Get another opinion. A nerve in the tooth is causing the pain.

I have had tooth problems ALL my life and constantly go to my dentist.

and that is what he would say. Meanwhile you can get an ointment at a
drug store like Walgreen's, as my dentist recommended to me.

It might only need a filling.


Find a dentist who will take the time with you...mine is so fast
that he overlooks potential dental problems.


----------



## Carla (Oct 16, 2016)

Our sinus cavity sits above our upper jaw, have you had any allergy-type symptoms recently? Maybe trying some OTC allergy med might help, if that's the case. Today everything is specialized so referring you to someone that does root canals is common. Do you clench or grind your teeth at night? Sometimes we are unaware of this without others telling us but that too can cause tooth pain. There are also something called trigger points--you can Google that as it will describe the location and how to relieve them. One is around the eye and the other, underneath the jaw. Drs and dentists might not tell you about that but they can occur in anyone, not just those with a chronic condition. Good luck!


----------



## debodun (Oct 16, 2016)

Carla said:


> Our sinus cavity sits above our upper jaw, have you had any allergy-type symptoms recently?



This had been going on for years, so I don't think it's allergy related. It's just flared up again this week.



Victor said:


> Find a dentist who will take the time with you...mine is so fast
> that he overlooks potential dental problems.



I know what you mean. I am seldom at my dentist more than 15 minutes and that includes the hygienist cleaning.


----------



## mathjak107 (Oct 16, 2016)

try walmart express dentistry.  15 teeth or less!


----------



## mathjak107 (Oct 16, 2016)

what time did it start hurting ?  i bet it was tooth hurty .   lol


----------



## debodun (Oct 16, 2016)

mathjak107 said:


> what time did it start hurting ?  i bet it was tooth hurty .   lol




Ha!


----------



## oldman (Oct 16, 2016)

I had similar pain on both sides in the back. I had the bottom back two teeth on both sides removed and had implants put in. I don't recommend implants only because they are "painfully" expensive and it took me almost six months to complete the job. Originally, my dentist gave me two choices; root canals or implants. I went with the latter just to be different. Most dental plans claim that implants are cosmetic and won't pay dime one towards them. That's what happened to me.

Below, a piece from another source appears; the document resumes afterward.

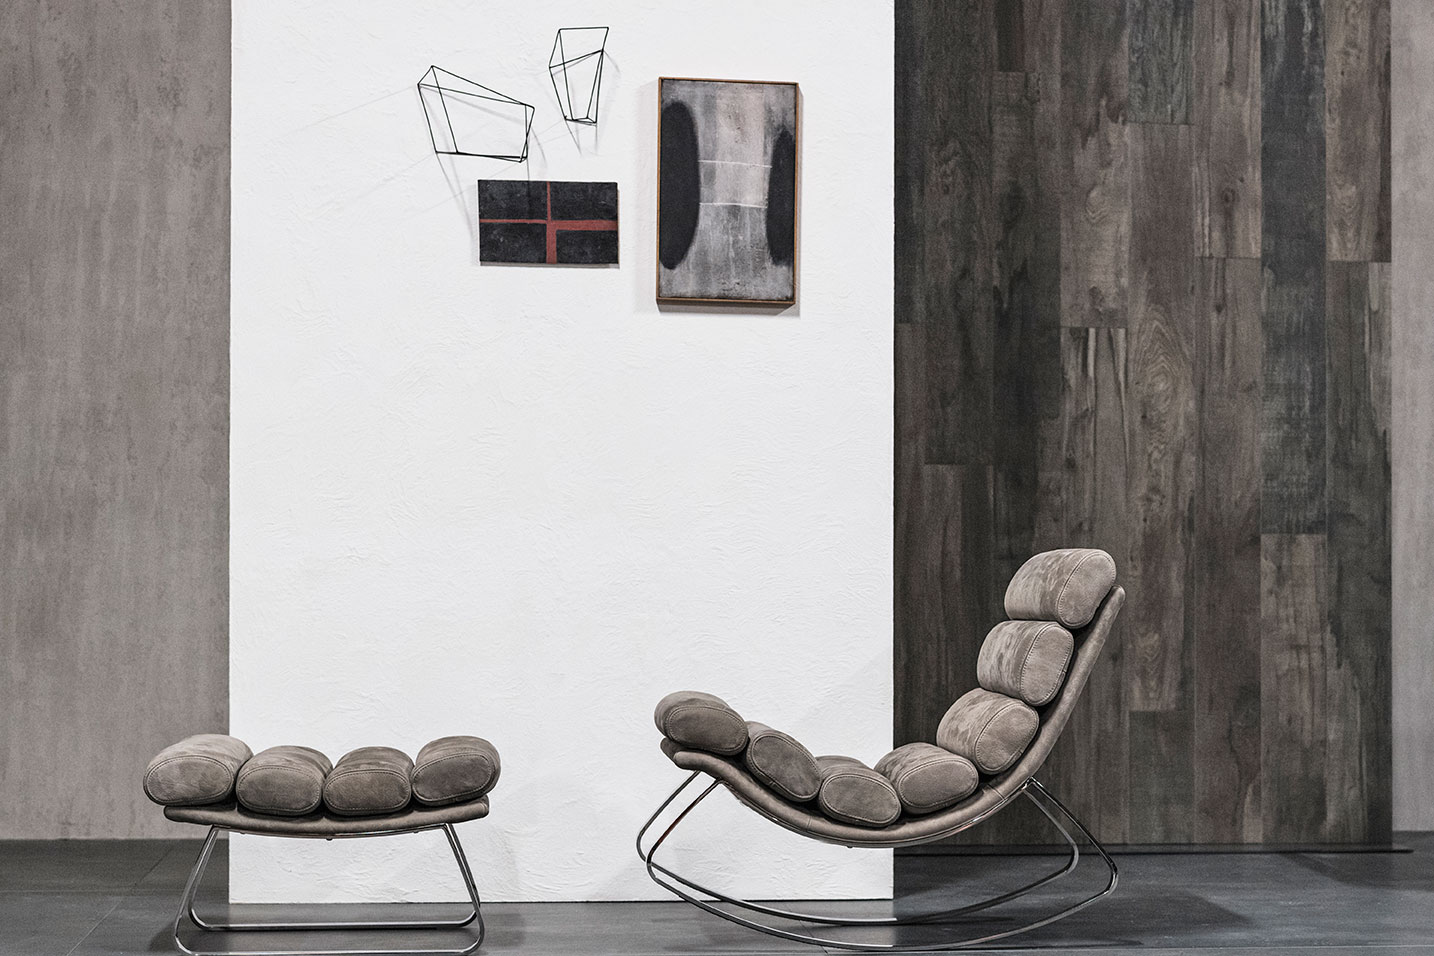 Luxurious rocking chair designed by Stefano Conficconi. wood, chrome metal and nubuck leather. Shop for modern Italian furniture. Free home delivery.

I had to pay the whole bill myself.


----------



## mathjak107 (Oct 16, 2016)

i had 6 implants put in 7 years ago . i rejected 3 and just paid to have 3 more put in . i spent about 40k in total  for both times . i feel your pocket pain


----------



## maplebeez (Oct 17, 2016)

I'm suffering with pain from a tooth that needs filled, my messages to the office were not returned for days & today I learn the dentist is away golfing (there's nobody on call for him)... the staff suggested home remedies for relieving the pain, but the soonest appointment they have is in two weeks!


----------



## QuickSilver (Oct 17, 2016)

oldman said:


> I had similar pain on both sides in the back. I had the bottom back two teeth on both sides removed and had implants put in. I don't recommend implants only because they are "painfully" expensive and it took me almost six months to complete the job. Originally, my dentist gave me two choices; root canals or implants. I went with the latter just to be different. Most dental plans claim that implants are cosmetic and won't pay dime one towards them. That's what happened to me. I had to pay the whole bill myself.




I was offered implants and refused..  I opted for traditional full dentures and I am not sorry.  they are not anywhere near has expensive and IMO more sanitary.. no rejection, no metal drilled down into your jawbone.. Most dental plans cover part of the cost.    Best of all, no pain. and if they do get uncomfortable at the end of the day.. Pop them out and put them in a cup with polident.  lol!


----------



## mathjak107 (Oct 17, 2016)

i tried on the bottom to use a full denture . life sucked . no problems on the top but the jaw flexing and tongue moving on the bottom  while eating always required it to be reglued .


----------



## NancyNGA (Oct 17, 2016)

mathjak107 said:


> i had 6 implants put in 7 years ago . i rejected 3 and just paid to have 3 more put in ....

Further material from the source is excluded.